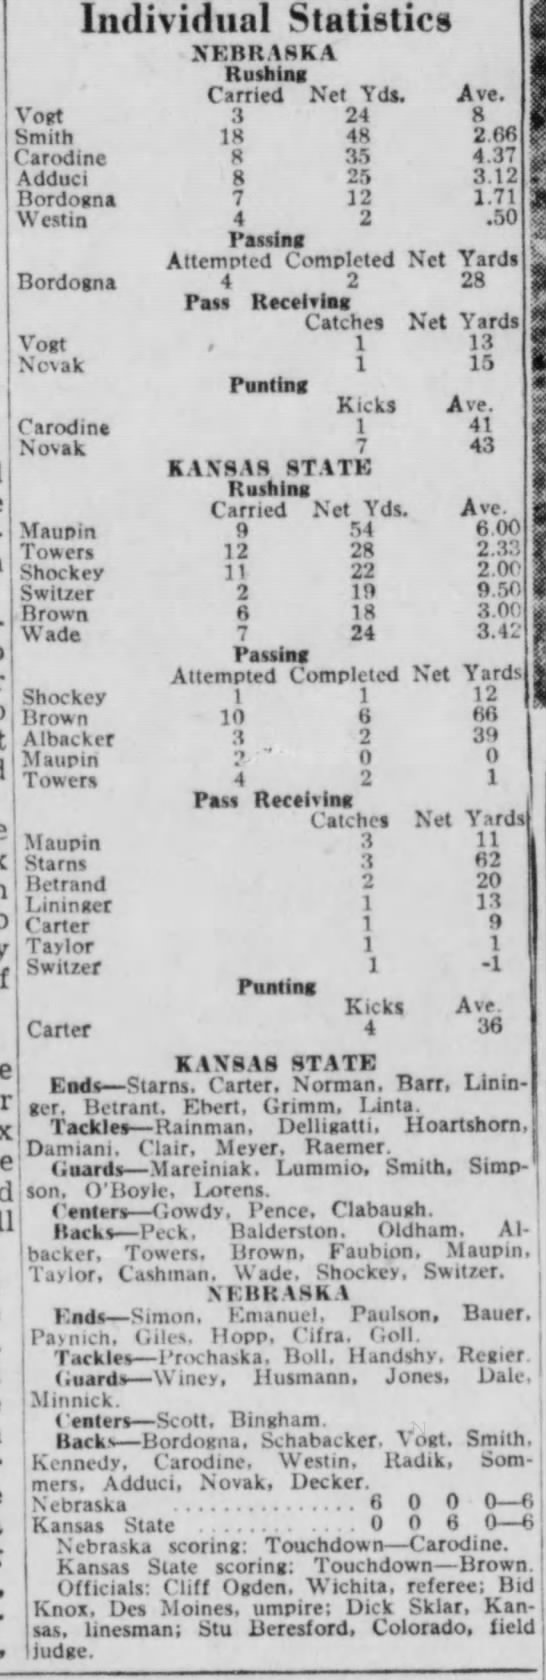 1951 Nebraska-Kansas State individual stats - 
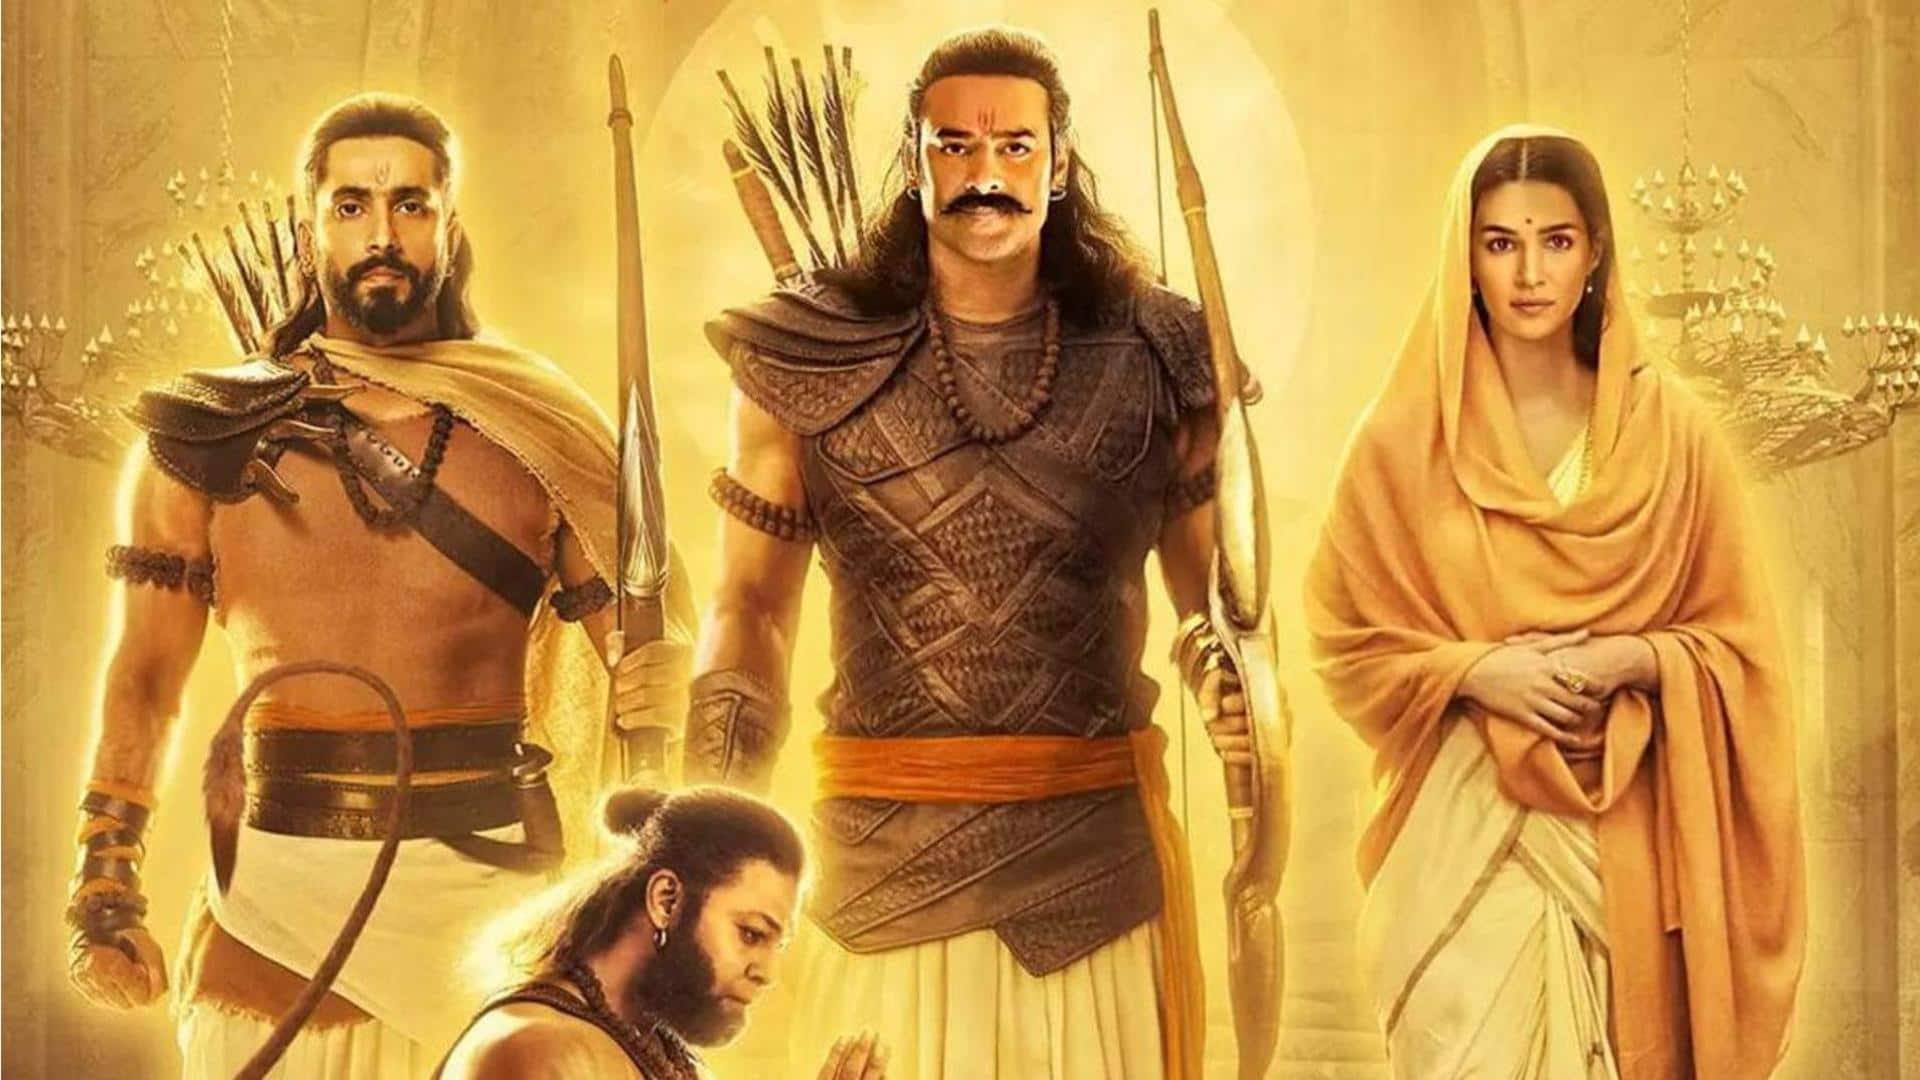 'Adipurush' trailer creates viewership record, hits 1M likes in 24hrs
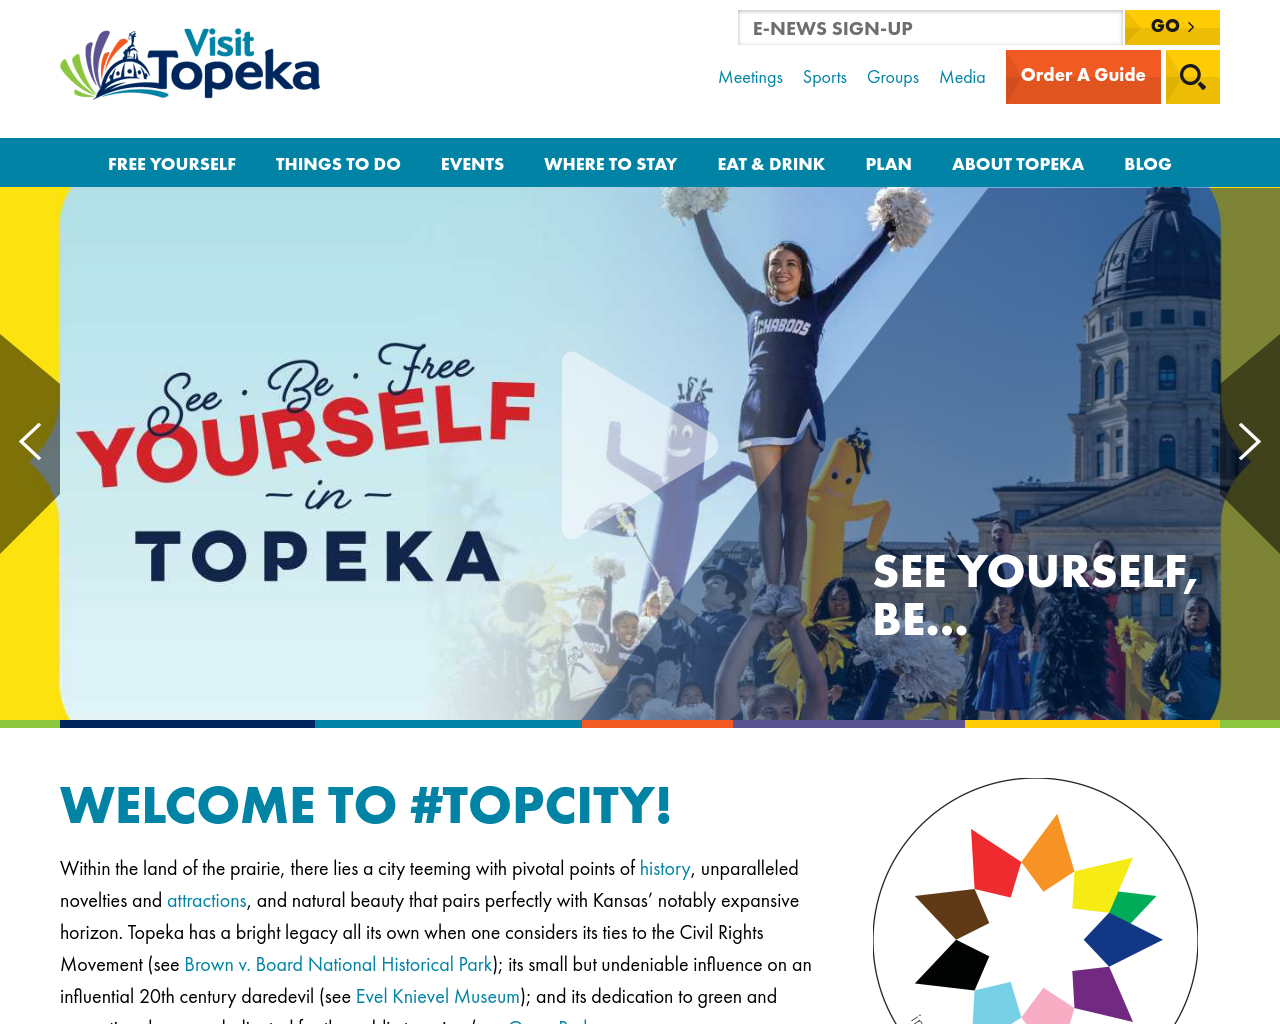 visittopeka.com

━━━━━━━━━━

■ Task statement
Please provide a faithful transcription of all the data, pictures excluded.

■ Response for this exercise
 1951 Nebraska-Kansas State individual stats - 
 'Adipurush' trailer creates viewership record, hits 1M likes in 24hrs
 visittopeka.com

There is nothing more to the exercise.